I agree with the first point. Learning has to involve prioritisation: we can't learn the underlying theory of everything. Parsing seems to me to be one of those topics where a fairly superficial understanding of the underlying theory is sufficient for most people to use it effectively. Personally, I would rather spend the time that a deep understanding of the underlying theory of parsing requires elsewhere: there are many other parts of compilers that better reward a deeper understanding
[1].

However, I disagree with the second point — or, at least, I disagree with part of it. It is true that many real-world languages' syntaxes are not compatible with LR parsing (and the like) and must be parsed using recursive descent parsing. Without wishing to put words in his mouth, I suspect that Tiark sees this as a virtue of recursive descent parsing.

In contrast, I have come, over time, to see languages that require recursive descent parsing as reflecting a flaw in our approach to language design [2]. I believe it has led us to design languages that are not just hard to parse, that don't just tend to have buggy parsers, but which are harder than necessary to understand.

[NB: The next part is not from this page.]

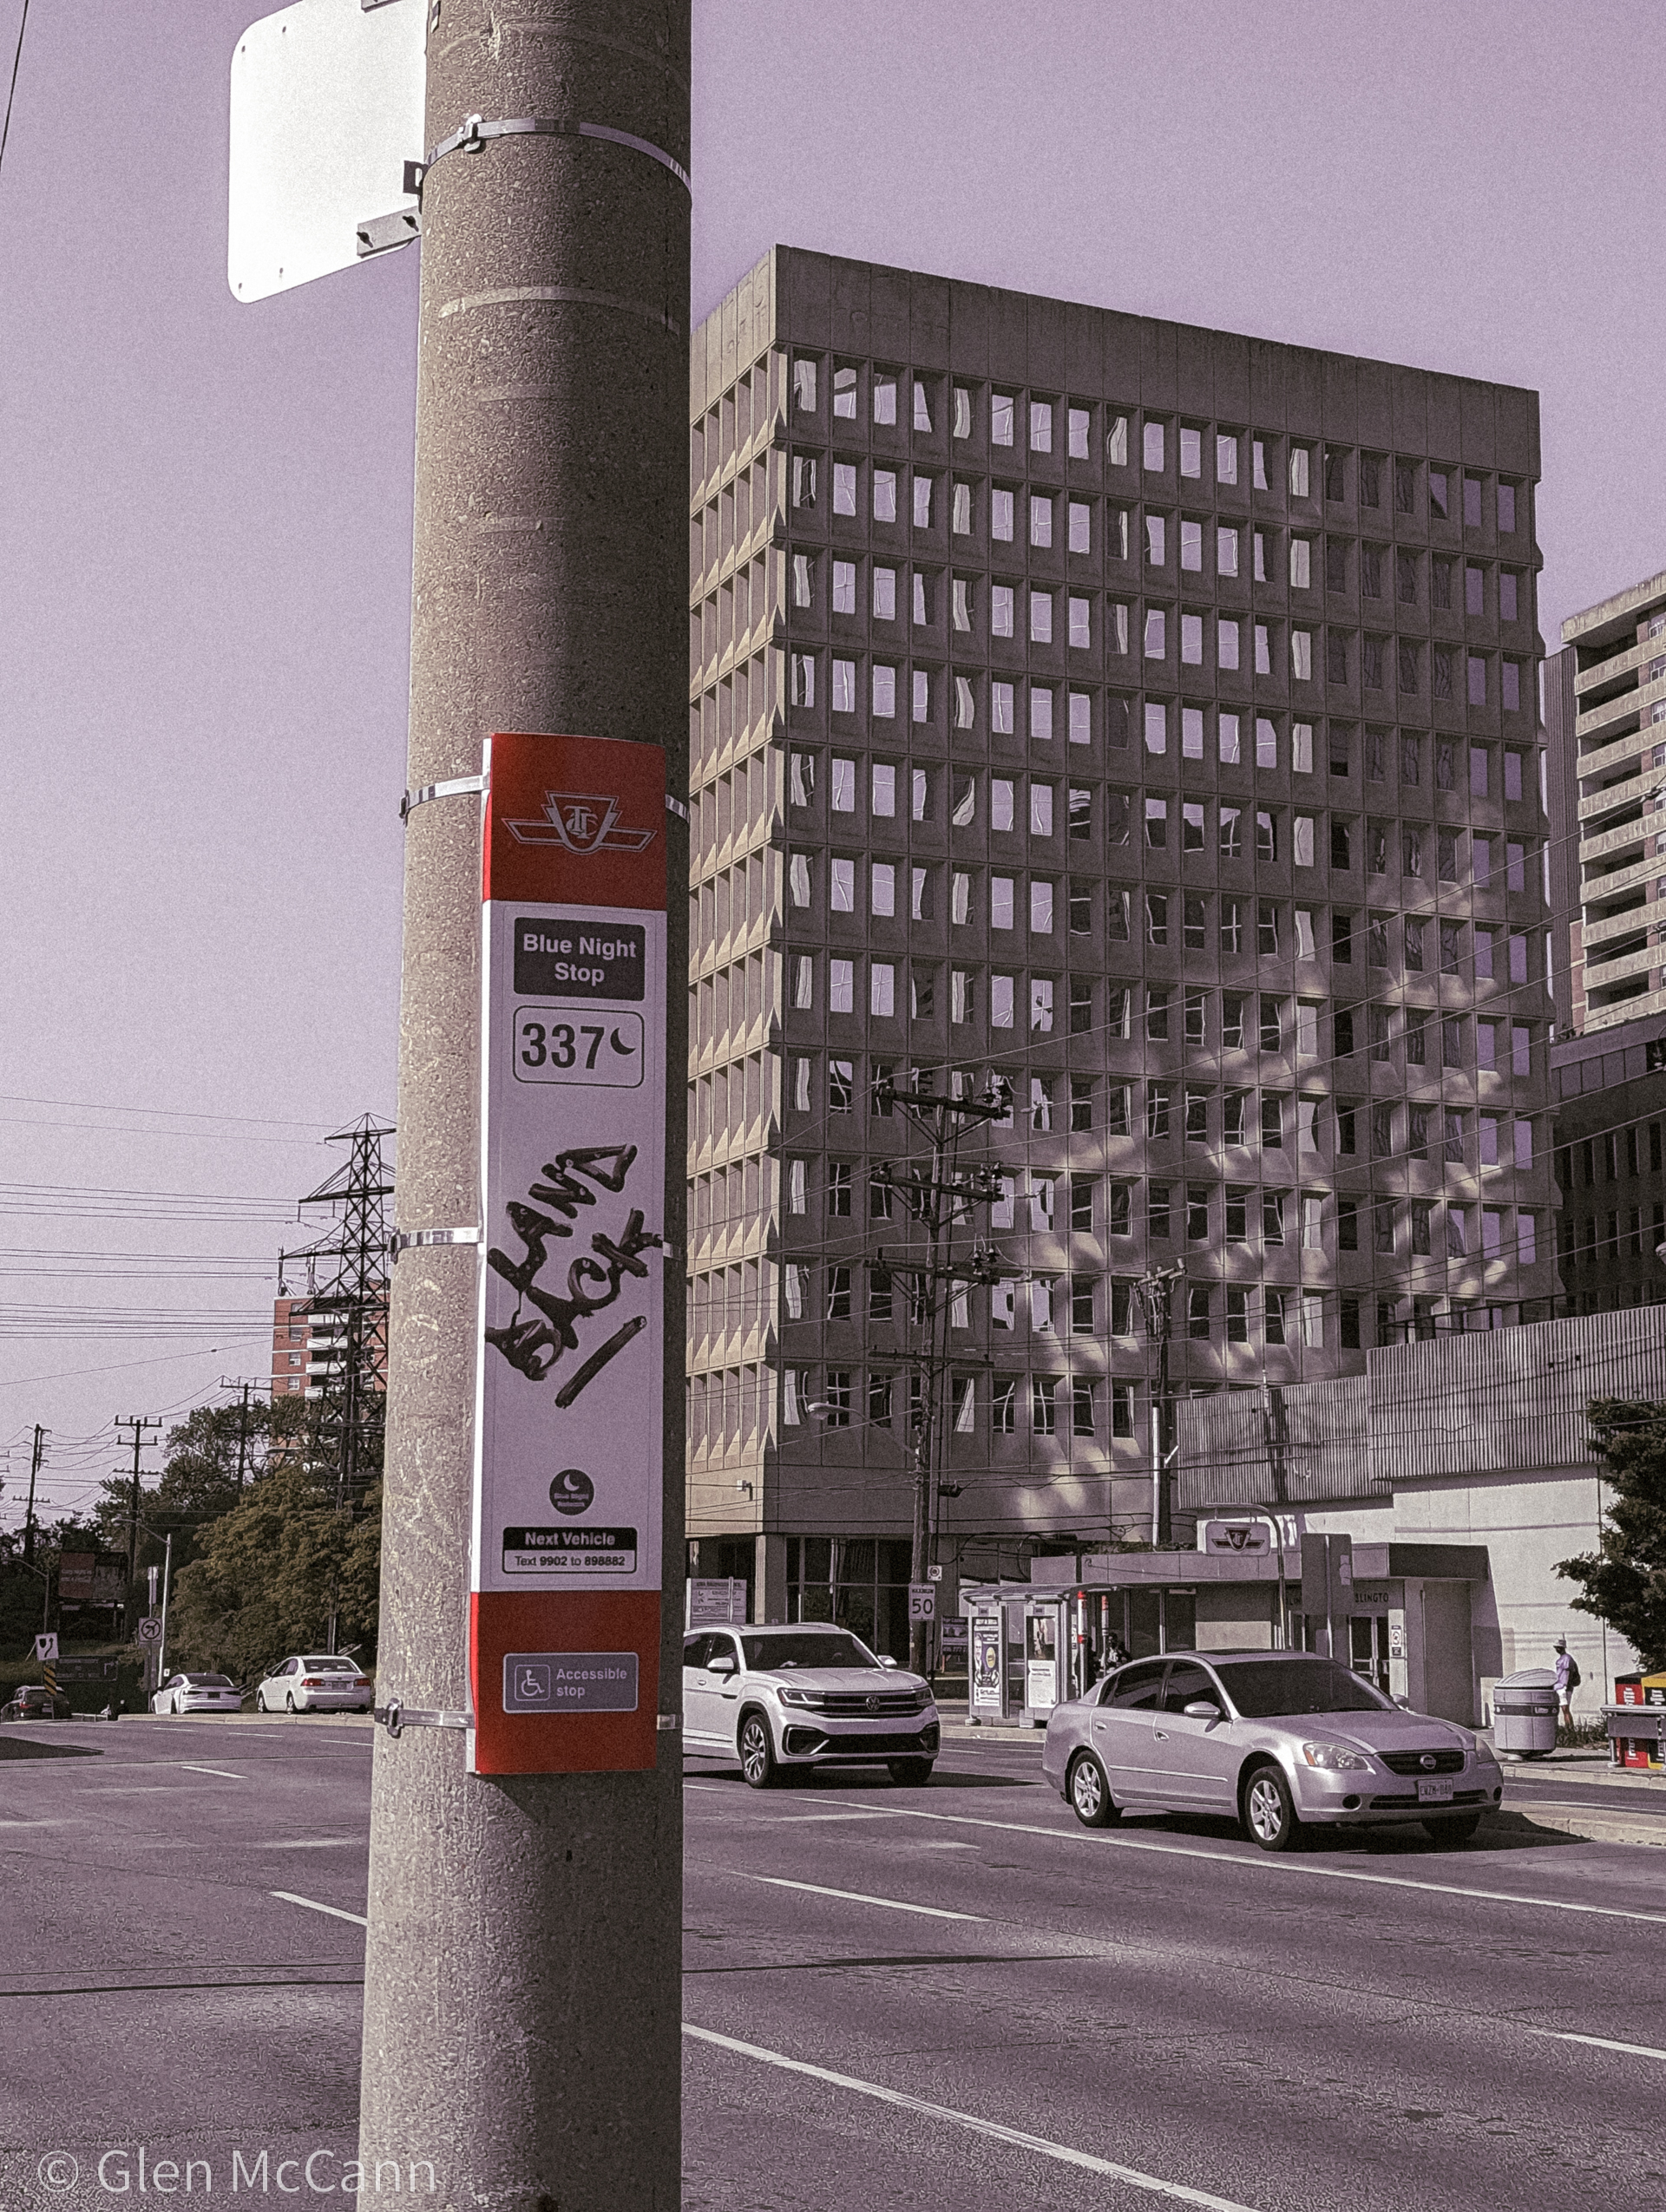 Photo of a TTC bus stop that has 'LAND BACK' written on it in black marker.

Differentiating LR and recursive descent parsing

Let's start with some basic definitions. A grammar is a specification of the valid sentences in a language. Note that grammars need not be executable — indeed, they may be specified formally or informally, explicitly or implicitly. A parser is an implementation of a grammar, which checks whether an input is valid with respect to that grammar or not. Grammars are ambiguous (e.g. a grammar such as E: E "+" E | E "-" E is ambiguous because 2+3*4 can be parsed as equivalent to either (2+3)*4 or 2+(3*4) with it) or unambiguous.

For example, all of us share a common understanding of the grammar for basic arithmetic expressions. We can then implement an LR or a recursive descent parser which takes arithmetic expressions as inputs and checks whether they conform to the arithmetic grammar.

In practise, grammars and parsers are often closer in nature than their abstract definitions suggest. In one direction, we can automatically derive parsers from some grammars (e.g. those written to conform to the LR subset of CFGs). In the other direction, a parser implicitly defines a grammar [3]. There is a subtle corollary to this: if I manually create a parser from the specification of a grammar, I may introduce bugs, which means that the parser's implicit grammar may not quite match the explicit grammar I thought I was implementing!

There are various ways of implementing parsers, but for me there are generally only two which we really need to consider: LR parsing and recursive descent parsing.

LR parsing defines a subset of CFGs: every grammar in the LR subset is guaranteed to be unambiguous [4]. From an LR grammar we can automatically derive an LR parser (e.g. using a tool like YACC or lrpar). A challenge with LR parsing is that some grammars are difficult to express unambiguously (e.g. arithmetic expressions): some are impossible to express unambiguously (e.g. many real-world programming languages).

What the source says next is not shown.